Dans une lettre du 16 août 1787, le duc confie à Mme du Barry sa déception de « ne pas avoir été nommé Président de l'Assemblée provinciale d'Anjou99  » et s'interroge sur les raisons de cette exclusion. Une exclusion décidée en haut lieu, du moment que le nom du duc ne figurait même pas sur la liste des cent quatorze nobles (dont trente-six ducs, ses pairs) choisis par le gouvernement pour former l'Assemblée des notables convoquée en 1787 – puis de nouveau en 1788 – en vue de débattre des réformes nécessaires pour parer au déficit de l'État et au malaise de la population100 . Il était donc logique que, craignant son ressentiment, le gouvernement n'entende pas confier à Brissac la présidence d'une assemblée provinciale en mesure d'exprimer à l'Assemblée des notables son mécontentement à l'égard de l'administration royale101 . À l'évidence on ne lui avait pas encore pardonné sa relation avec Mme du Barry.

Cette rebuffade n'entama pas la bonhomie du duc. Mme du Barry comme lui applaudirent à la convocation des états généraux, convaincus que la monarchie devait prendre en compte les exigences des temps nouveaux.
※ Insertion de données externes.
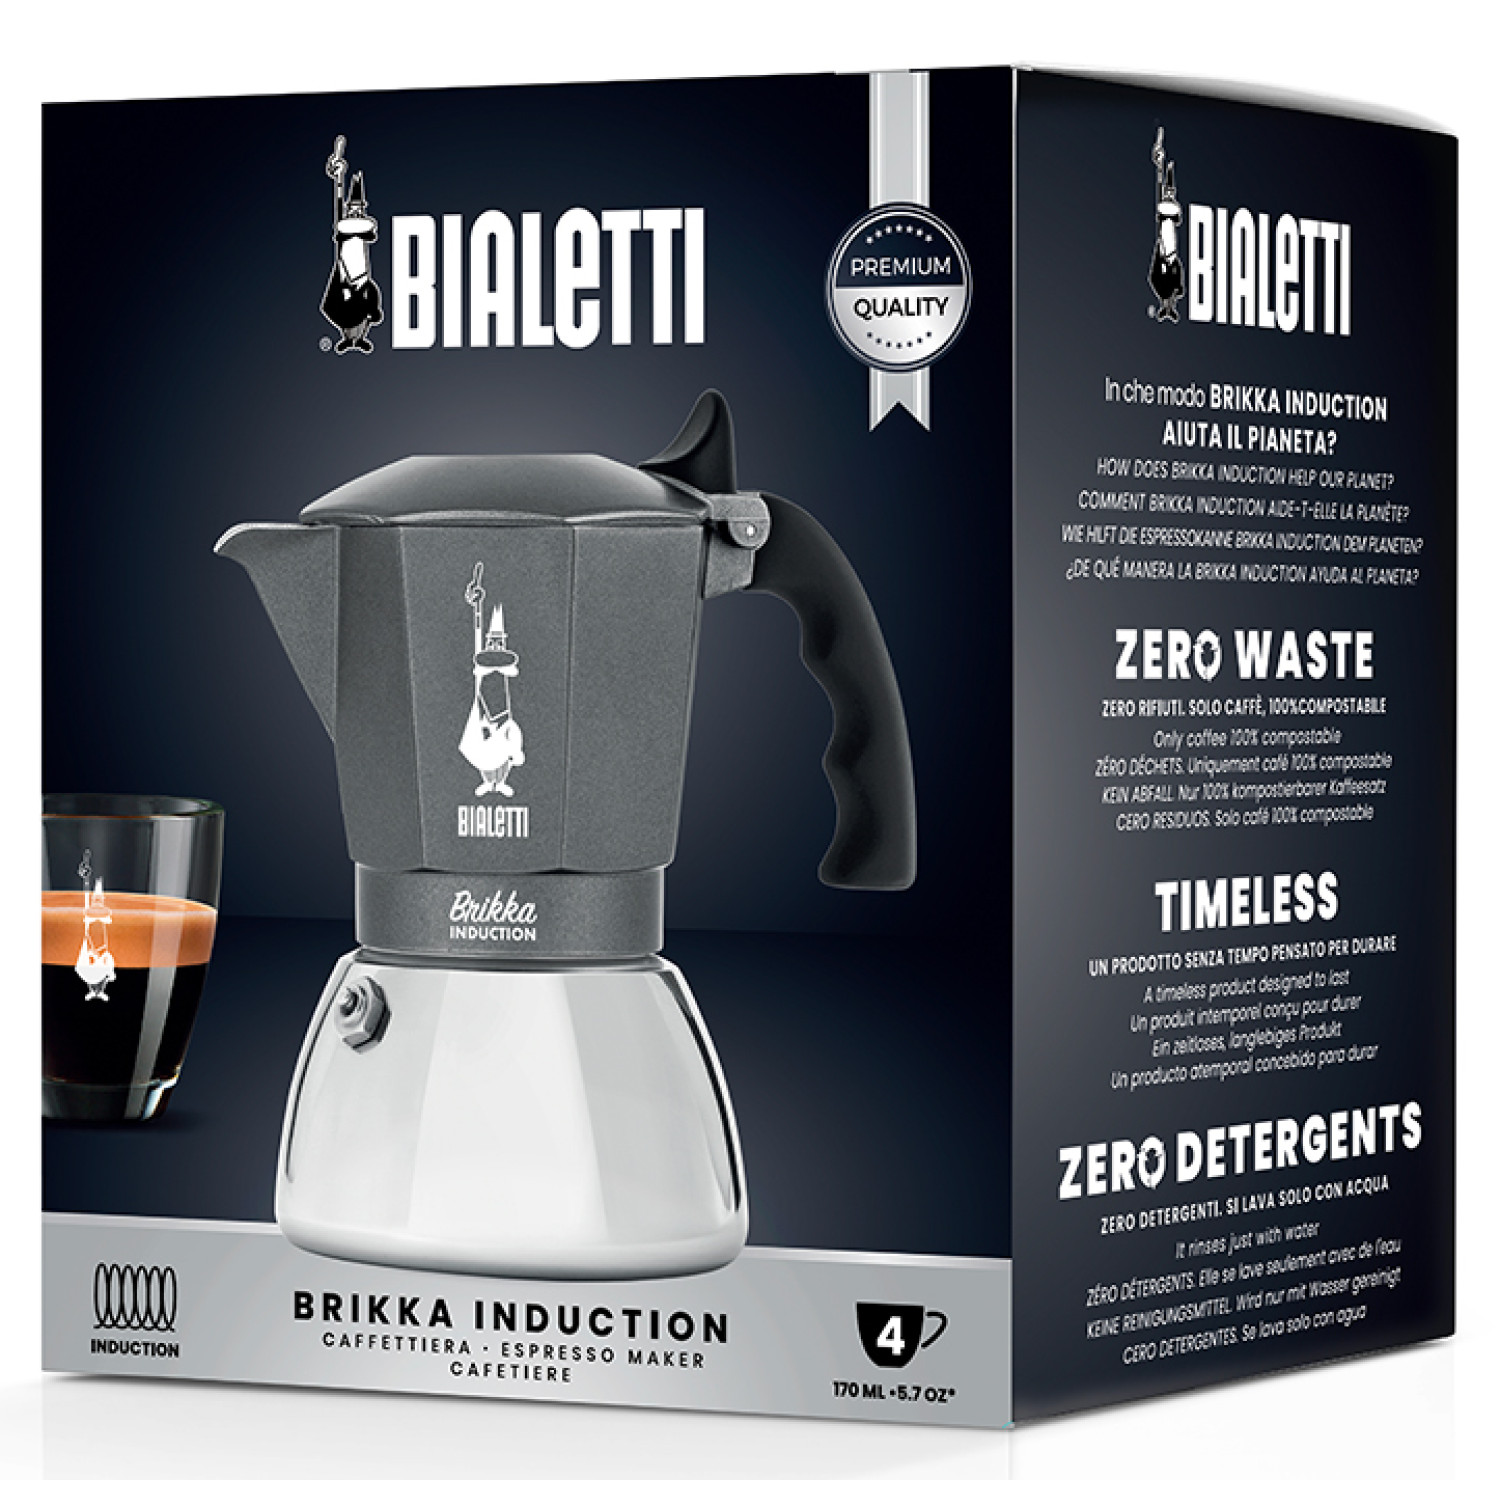 Espressokocher für Brikka BIALETTI 4 Tassen Induktion Grau

Et les premières manifestations de violence qui suivirent la prise de la Bastille ne désarmèrent pas son optimisme.

Il fallait se résigner à supporter de bon cœur « trois ou quatre personnes qui troublent la tranquillité qui règne dans tous ces alentours », écrivait-il de Brissac le 25 août 1789, parce que « la liberté est si précieuse qu'il faut bien l'accepter »102 . Et quatre jours après, en réponse à une lettre « philosophique et savante » de la comtesse, il reconnaissait que les états généraux n'allaient pas assez vite « sur les vrais points principaux qu'attend toute la France », mais se déclarait convaincu que les nobles étaient prêts à accepter les sacrifices – à commencer par le vote à la majorité par tête et non par ordre – qui leur étaient demandés : « La nation doit être contente et tranquille sur leur compte car on les a trouvés partout et sans armes et sans défense103 . »

Le duc ne se trompait pas : la longue guerre d'usure par laquelle la noblesse et le clergé avaient défendu leurs privilèges, en sabotant systématiquement les réformes qui semblaient les menacer, ne donnerait pas lieu à une nouvelle Fronde armée. Mais il ne prévoyait pas que la violence viendrait d'en bas et qu'impuissante devant la furie jacobine, la plus ancienne et courageuse noblesse d'Europe échouerait à se défendre. « L'éducation toute puissante, a soutenu Hippolyte Taine, avait réprimé, adouci, exténué l'instinct lui-même. Devant la mort présente ils n'ont pas le soubresaut du sang et de la colère […] Jamais on ne verra un gentilhomme arrêté chez lui casser la tête du Jacobin qui l'arrête. Ils se laisseront prendre, ils iront docilement ; faire du tapage serait une marque de mauvais goût, et, avant tout, il s'agit pour eux de rester ce qu'ils sont, gens de bonne compagnie104 . » Ce ne fut pas le cas du duc de Brissac qui, l'heure venue, vendit chèrement sa vie.